Far too many companies did not do it in 2000 thinking this whole downturn was a temporary phenomenon, then 9/11 hit and anyone who hadn't bulked up was completely screwed. No one wants to do that again and there's so much money sloshing around between VC firms and Wall Street institutions even marginally good companies can still get amazing terms.

2. If you read between the lines Evan Williams has essentially previewed this deal. (see video exhibit C, below)

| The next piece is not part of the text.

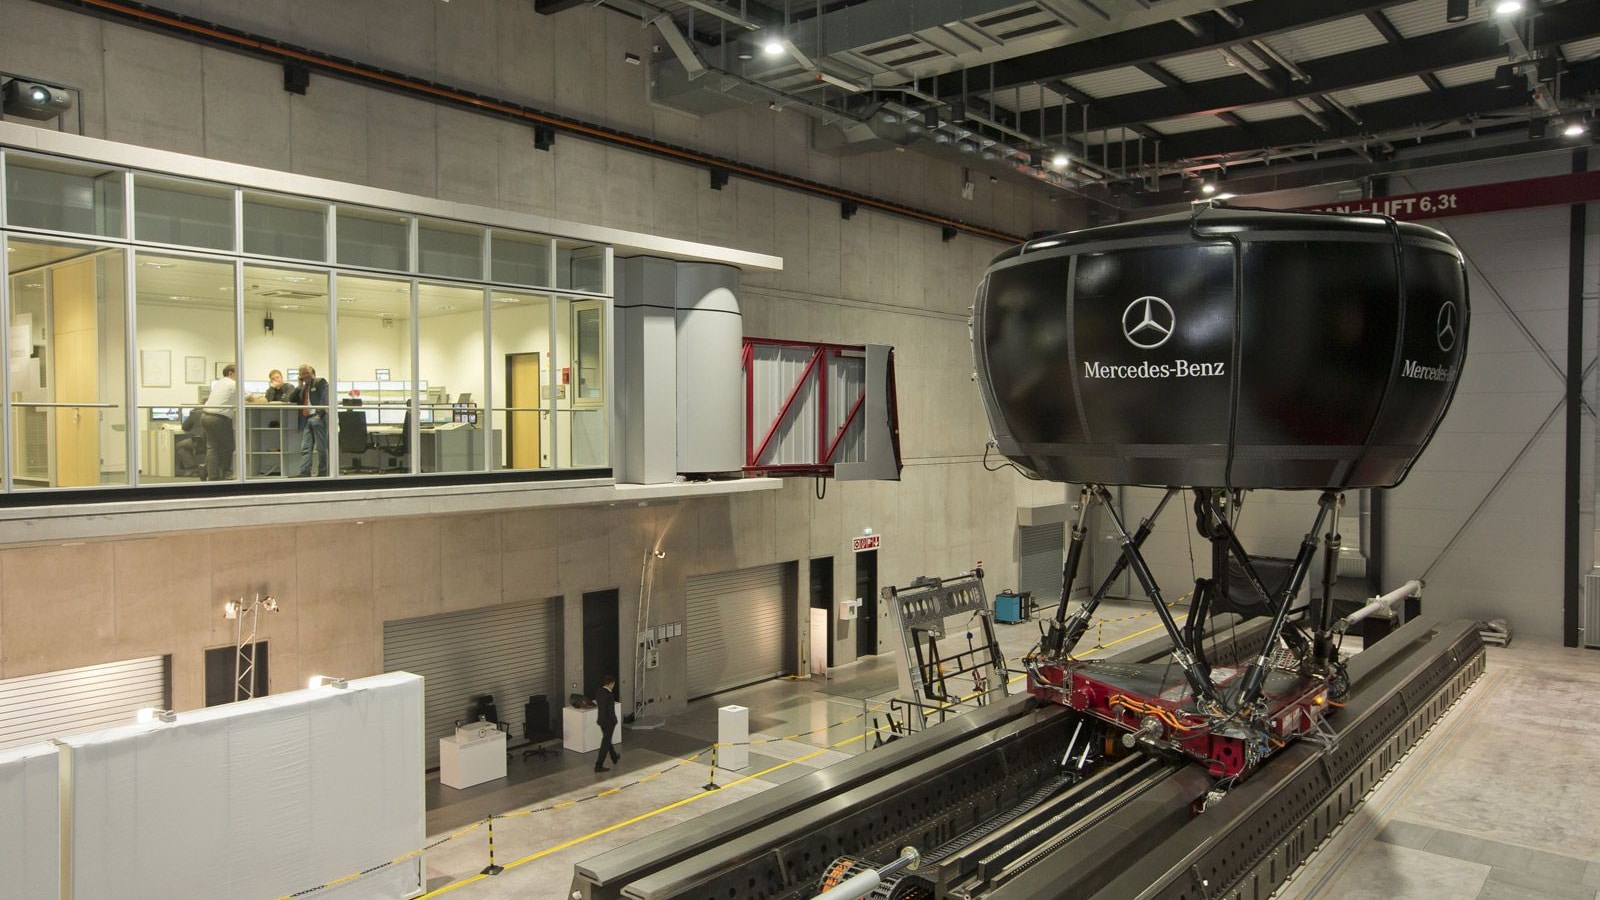 Mercedes-Benz vehicle simulation center

3. Given it makes sense for Twitter to raise money, there's the question of whether it can. Of course it can. Anyone even bringing up that the lack of business model may be a problem has no basic understanding of how Silicon Valley and the venture system works right now. As is written about to death in my book, venture capitalists largely missed out on the  most lucrative stakes of all Web 2.0 successes. They were afraid, and the companies were afraid of them post-1990s. Companies were so lean they could bootstrap themselves, only raising money when they were worth enough that the so-called "early stage" rounds bought VCs far less equity than in the past. Enter Twitter which is the last interesting, innovative company to come out of the early 2000s Web 2.0 fertile crescent. Wake up VCs! You missed MySpace, you've missed Facebook, you've missed Ning, you've missed Slide. OMG! Twitter is actually raising venture capital??? WHERE DO I SIGN THE CHECK!?

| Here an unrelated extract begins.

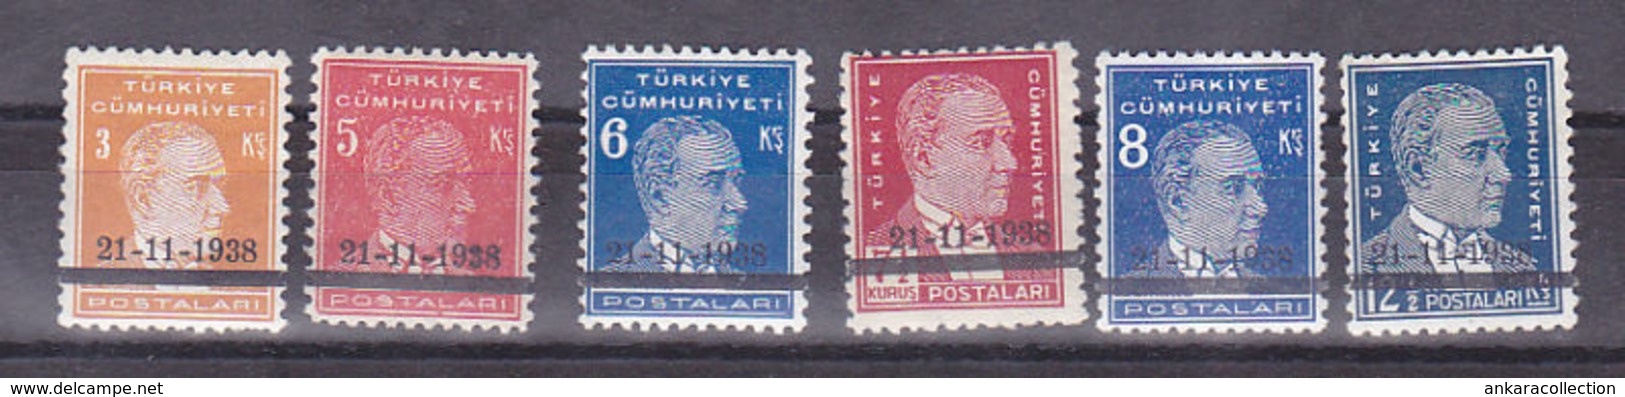 AC - TURKEY STAMP - ATATURK MOURNING MNH 21 NOVEMBER 1938 - Unused Stamps

4. Twitter is on the verge of potentially going mainstream in a big way. Last stop before outrageous valuation! There is no business model. And Twitter is so beautifully simple that is a huge problem for the company. But it's not a right now problem. Facebook and Slide haven't hammered out their business models yet either and look at their valuations. At any price, a stake in Twitter-- not to mention a chance to cozy up to a true Web visionary in Evan Williams-- is a steal.

So now that I've wasted a long post telling you why....yeah, nothing to see here. Move along.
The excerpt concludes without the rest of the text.